Le forme iniziali possono essere guarite, ma è difficile recuperare i danni neurologici, se ci sono. Le forme avanzate possono essere rallentate ma solo difficilmente guarite.
Nel tempo sono state testate molte terapie di buon successo. I primi successi si ottennero utilizzando l’olio estratto dalla pianta tropicale Chaulmoogra, secondo un procedimento al quale è legata un’altra storia importante, quella di Alice Ball.


Alice Ball, nata a Seattle nel 1892, apparteneva alla minoranza di afroamericani benestanti, perché suo nonno aveva avuto un grande successo come fotografo e suo padre, oltre a praticare la fotografia, era divenuto un noto avvocato.
Si ritiene che sia stata l’esperienza maturata già durante l’infanzia nei laboratori fotografici di famiglia a spingere Alice verso lo studio della Chimica.
Era una studentessa eccezionalmente dotata: si laureò in Chimica e in Farmacia a Seattle e riuscì a pubblicare degli studi su riviste scientifiche di alto livello. Il prosieguo della carriera accademica la portò alle Hawaii, dove aveva già trascorso un anno da bambina, per prendere un master presso la locale università.
Mentre studiava le proprietà di alcune piante, incontrò un chirurgo, Harry T. Hollmann, che stava testando un olio estratto dalla pianta tropicale chiamata Chalmoogra nella terapia della lebbra. Le iniezioni endovenose e intramuscolari di quest’olio sembravano rallentare significativamente il progresso della malattia.
La Ball compì un importante lavoro sull’olio di Chalmoogra, definendone la composizione fino ad allora sconosciuta e identificando quello che sembrava essere il principio attivo, l’acido idnocarpico (l’olio di Chalmoogra è una miscela di almeno dieci acidi grassi diversi), che mostra un potere antimicrobico letale sul bacillo di Hansen.
Ma il capolavoro della Ball consistette nel mettere a punto un procedimento chimico per stabilizzare i principi attivi in modo che si conservassero a lungo e potessero essere trasportati lontano senza perdere efficacia.

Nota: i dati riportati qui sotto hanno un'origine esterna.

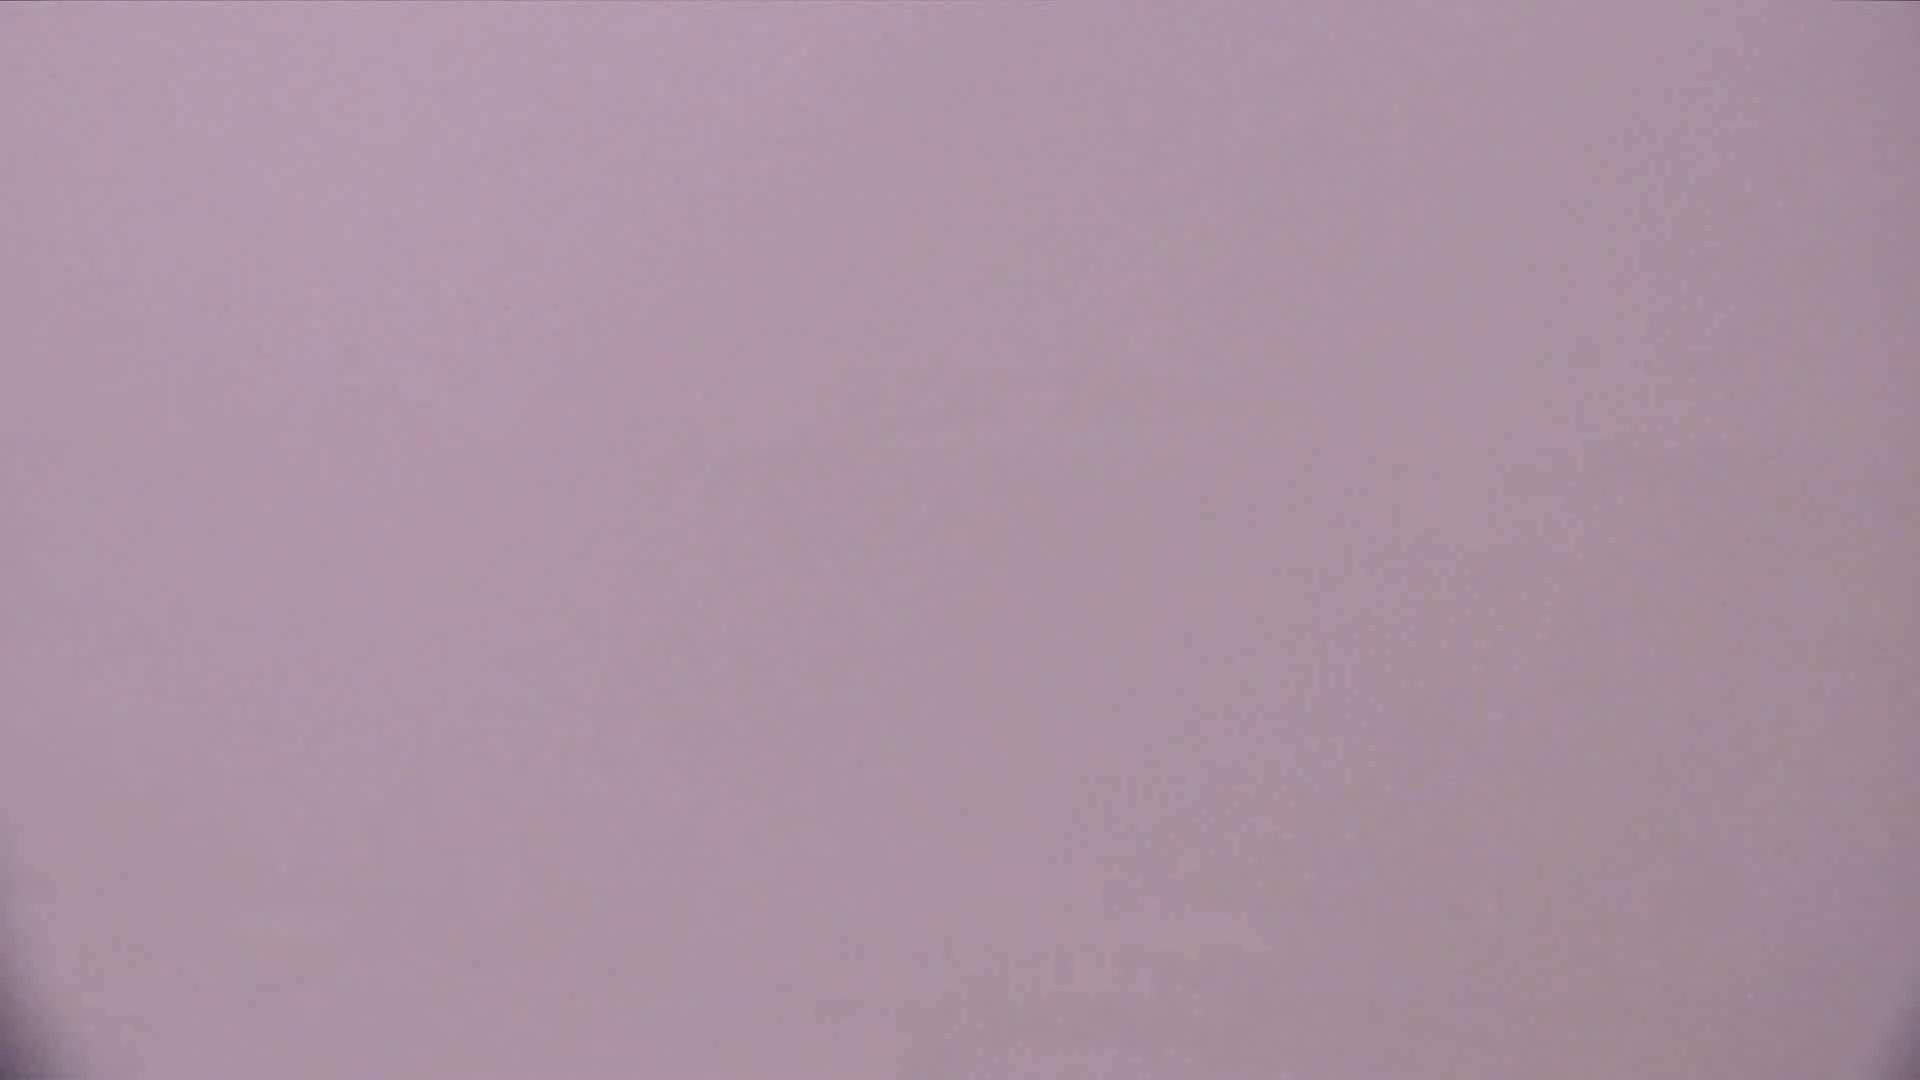 vol.15 命がけ潜伏洗面所! 肌荒れ注意報!! プライベート 隠し撮りすけべAV動画紹介 102画像 63

Il lavoro sull’olio di Chalmoogra valse alla Ball il master in Chimica che la rese la prima donna e la prima afroamericana a conseguire una laurea di secondo livello all’Università della Hawaii, nonché la prima a diventare docente universitario.
Purtroppo, la carriera di Alice Ball non era destinata ad andare oltre. Nel 1916, dovette rientrare a Seattle perché mostrava i sintomi della tubercolosi. Sebbene il suo certificato di morte menzioni questa malattia quale causa, sembra che le cose siano andate diversamente. Le terapie cui si era sottoposta a Seattle stavano avendo successo, per cui aveva potuto rimettersi al lavoro. Durante una esercitazione di laboratorio sul corretto uso delle maschere antigas (si era nel pieno della Grande Guerra), la Ball avrebbe inalato accidentalmente del gas di cloro e, anche per le sue condizioni generali non perfette, sarebbe morta rapidamente in seguito a questa intossicazione, il 31 dicembre 1916.
Poiché non aveva ancora pubblicato il suo lavoro sull’olio di Chalmoogra su una rivista scientifica, il suo capo-dipartimento alle Hawaii, Arthur L. Dean, lo pubblicò a proprio nome, dando al procedimento il nome di “metodo Dean”. Nel 1922, il dottor Hollmann pubblicò e diffuse un articolo per restituire il merito della scoperta alla Ball, ma intanto Dean era divenuto preside della facoltà e l’iniziativa passò sotto silenzio.


Solo negli anni ’70, due ricercatori della stessa università, Karin Takara e Stanley Ali, dimostrarono inequivocabilmente che Dean si era appropriato di un lavoro non suo.
Successivamente, per la cura della lebbra,  furono impiegati dei chemioterapici ancora più efficaci, i sulfoni.
Dal 1969 la cura d’elezione è l’antibiotico rifampicina, scoperto dall’italiano Pietro Sensi (1920-2013).
Negli ultimi decenni sono stati elaborati anche dei vaccini anti-lebbra, che si stanno rivelando molto promettenti.
Il maggiore problema, come al solito, è diffonderli nelle aree più povere del mondo.